◆ **Aim of the exercise**:
For this exercise, print the listing below exactly, without its pictures.

◆ **Recorded data**:
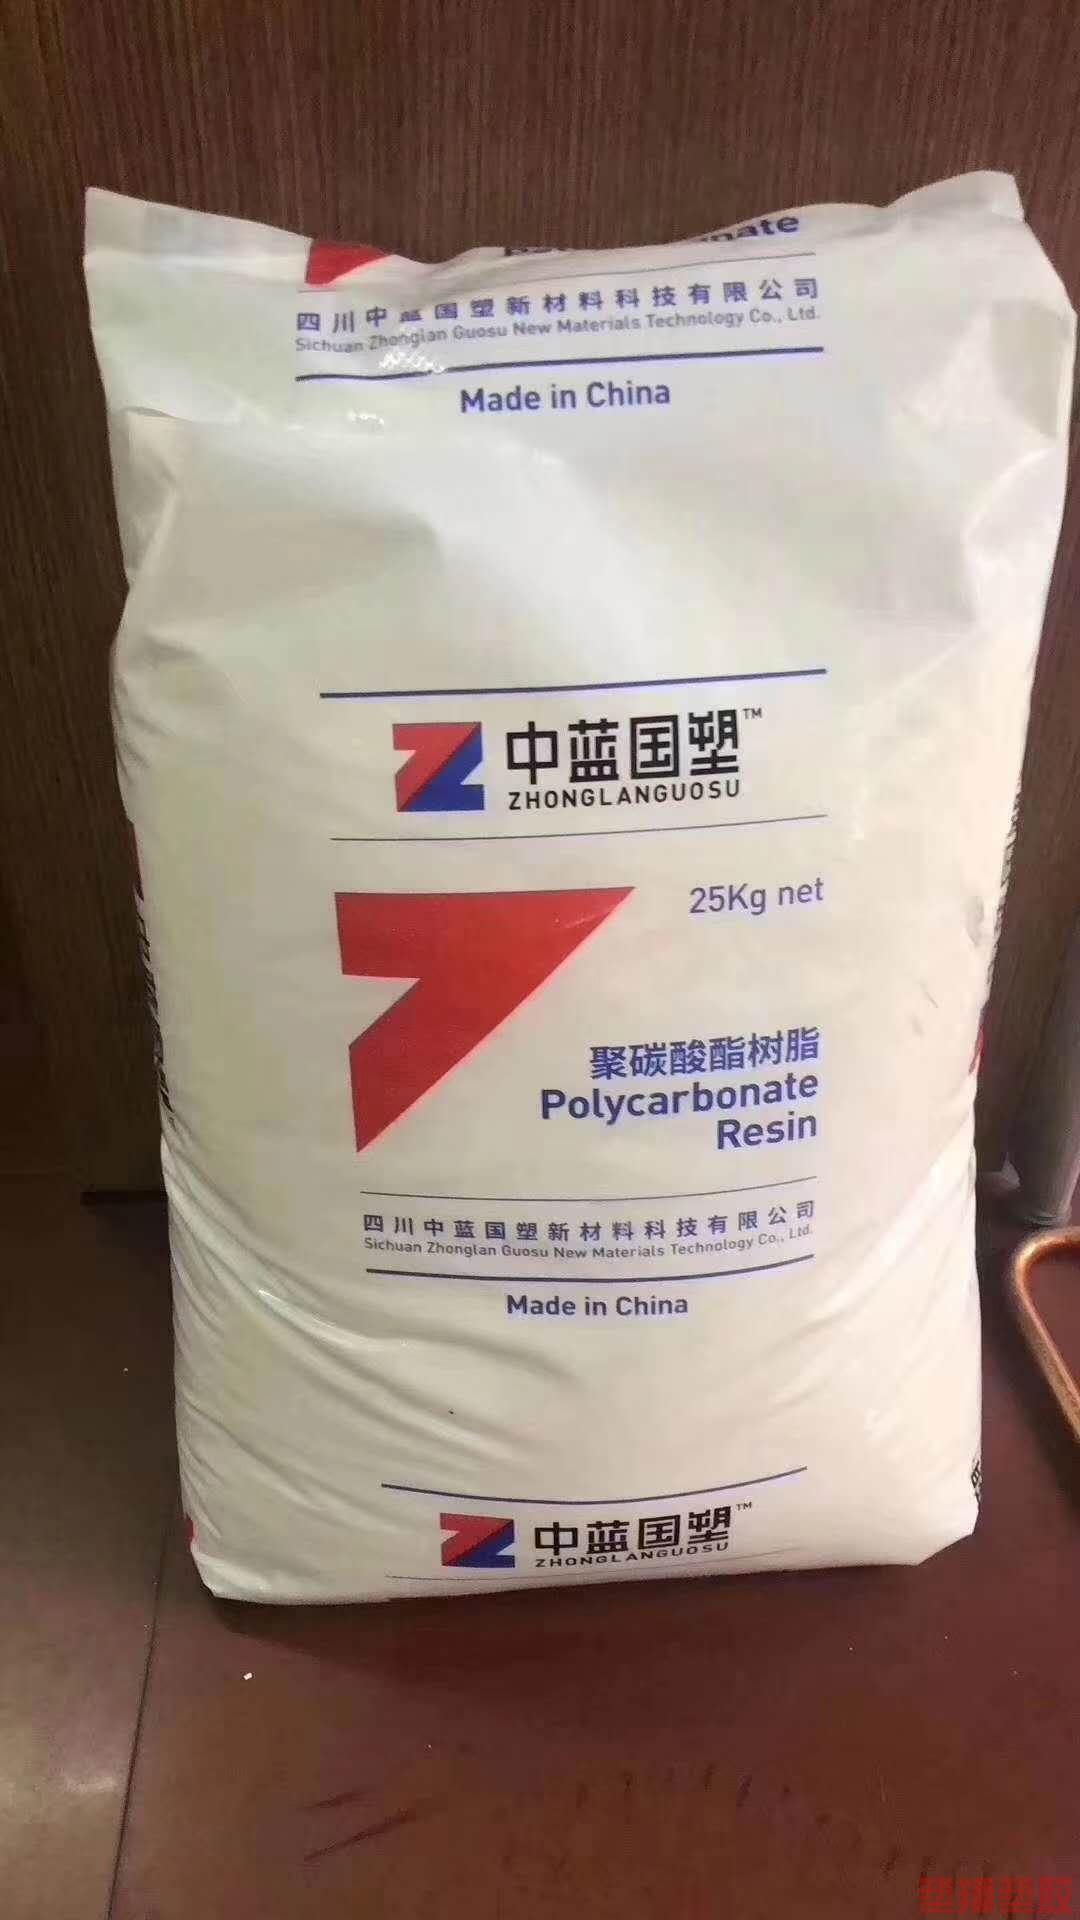 PC(聚碳酸酯)Z1-151R中南国塑
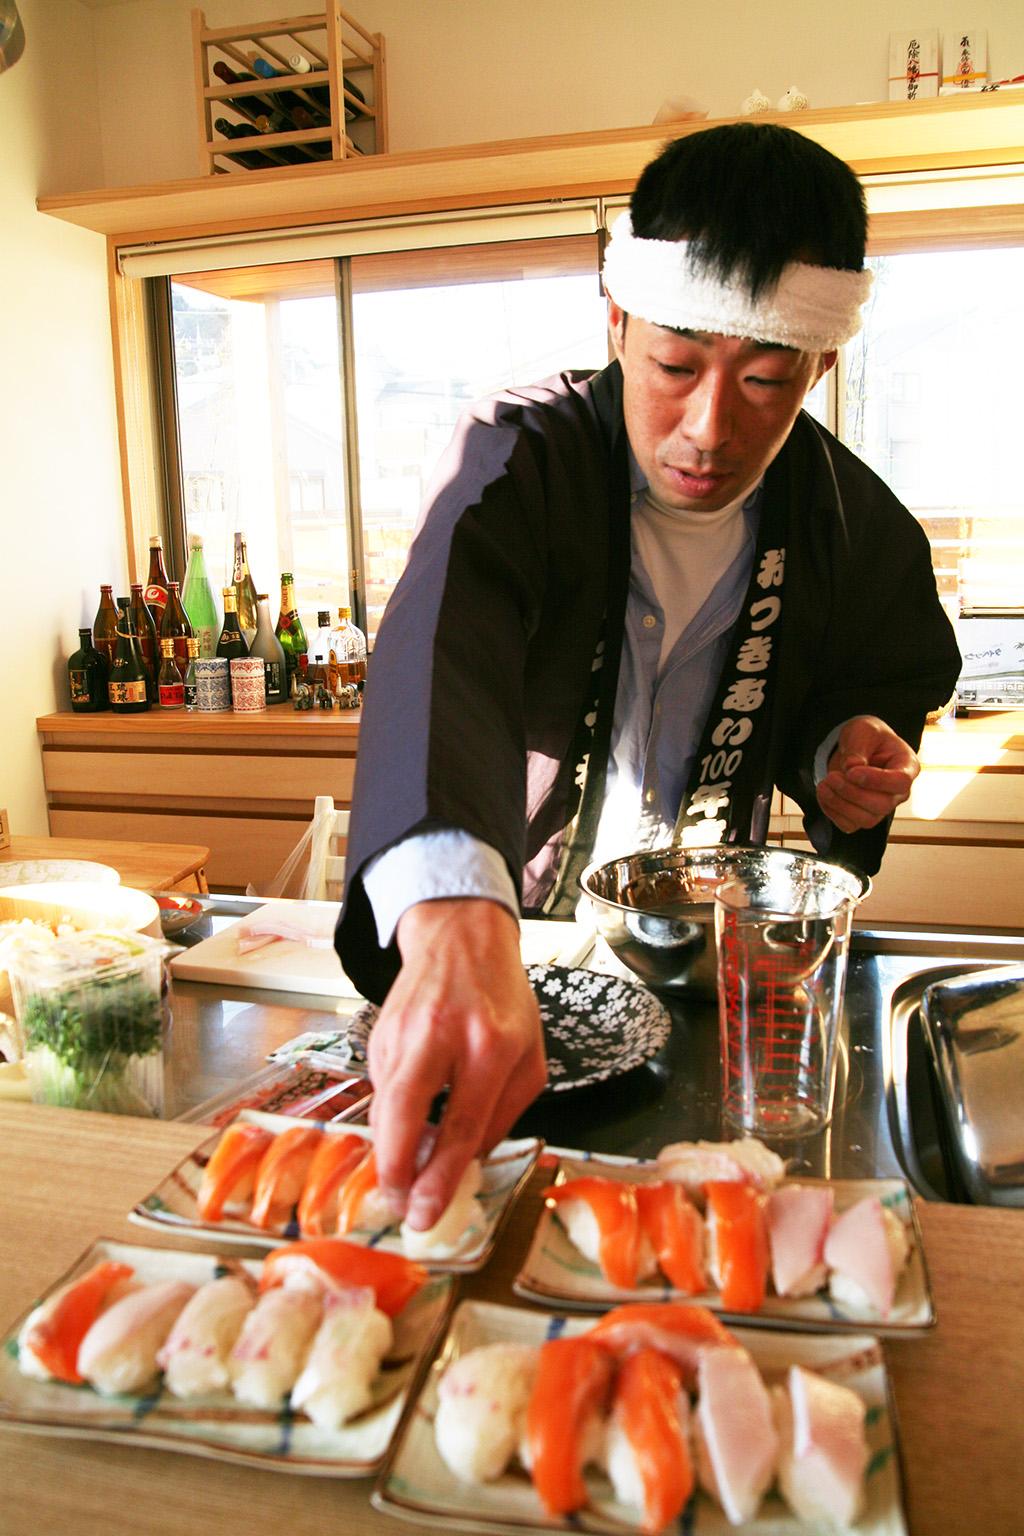 神戸市の木の家 居酒屋のようなカウンターで腕をふるうご主人
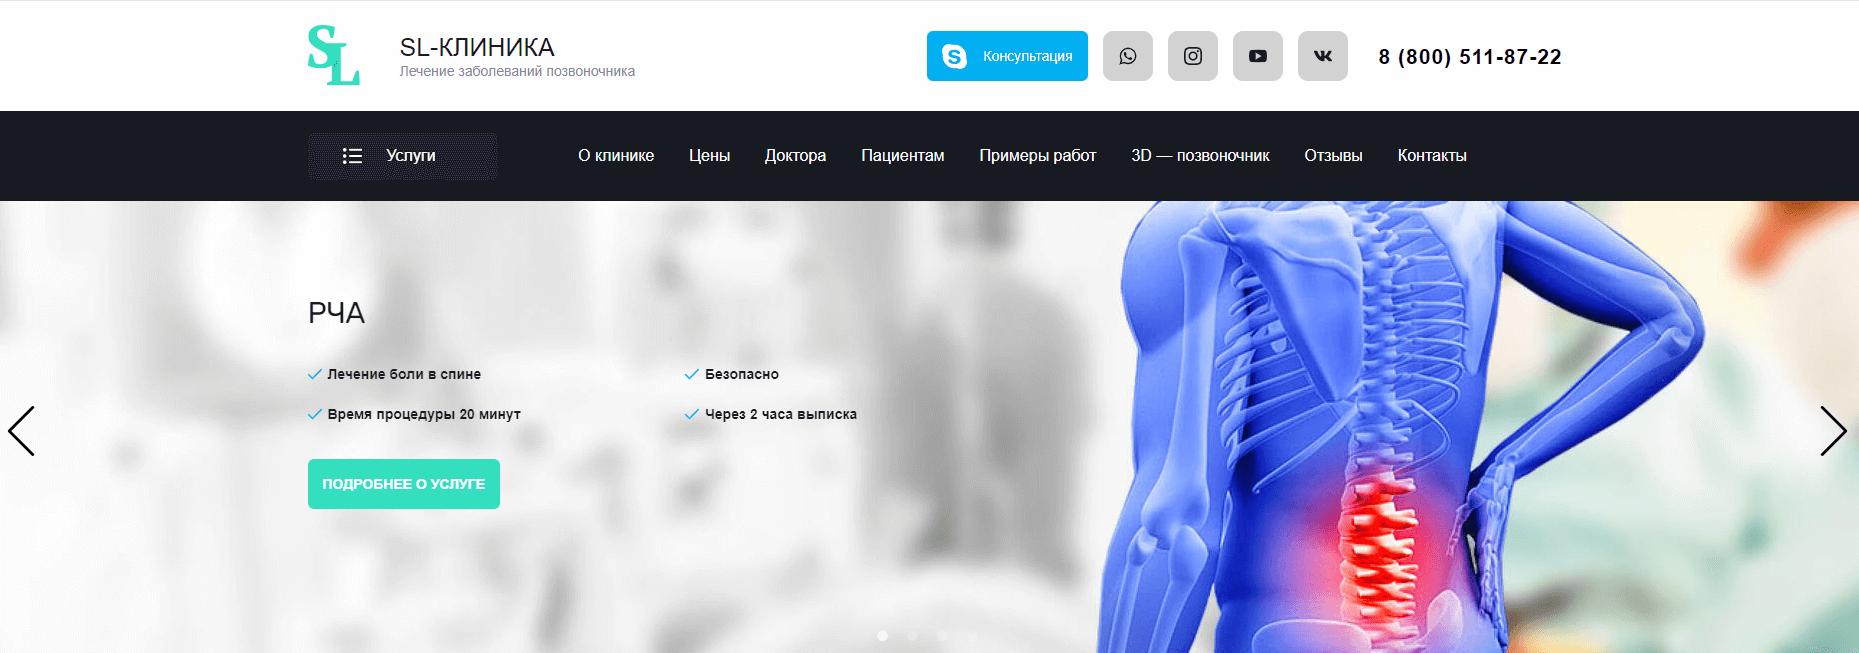 Продвижение сайта медицинской тематики
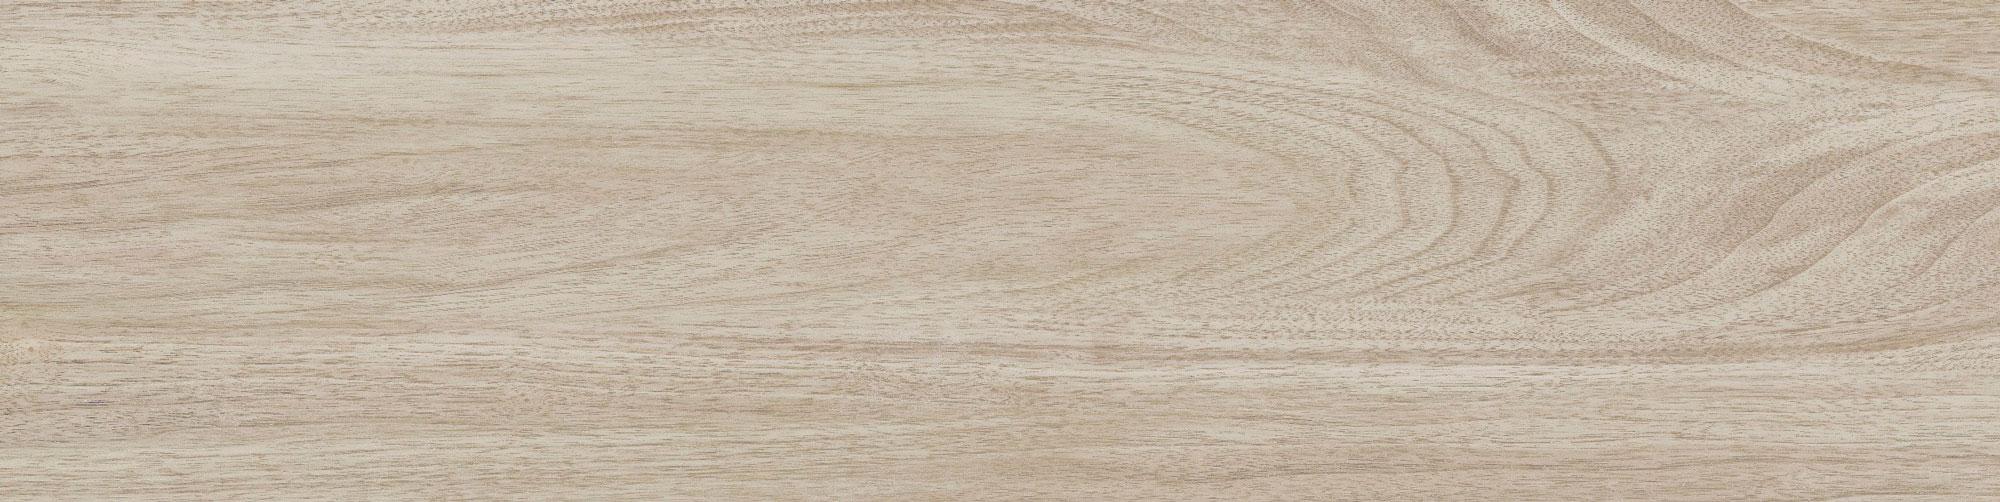 Напольная плитка Ceramika Konskie Windsor Cream 15,5x62 (1,06) ceramika konskie windsor iroko 15 5x62

◆ **Reply**:
 PC(聚碳酸酯)Z1-151R中南国塑
 神戸市の木の家 居酒屋のようなカウンターで腕をふるうご主人
 Продвижение сайта медицинской тематики
 Напольная плитка Ceramika Konskie Windsor Cream 15,5x62 (1,06) ceramika konskie windsor iroko 15 5x62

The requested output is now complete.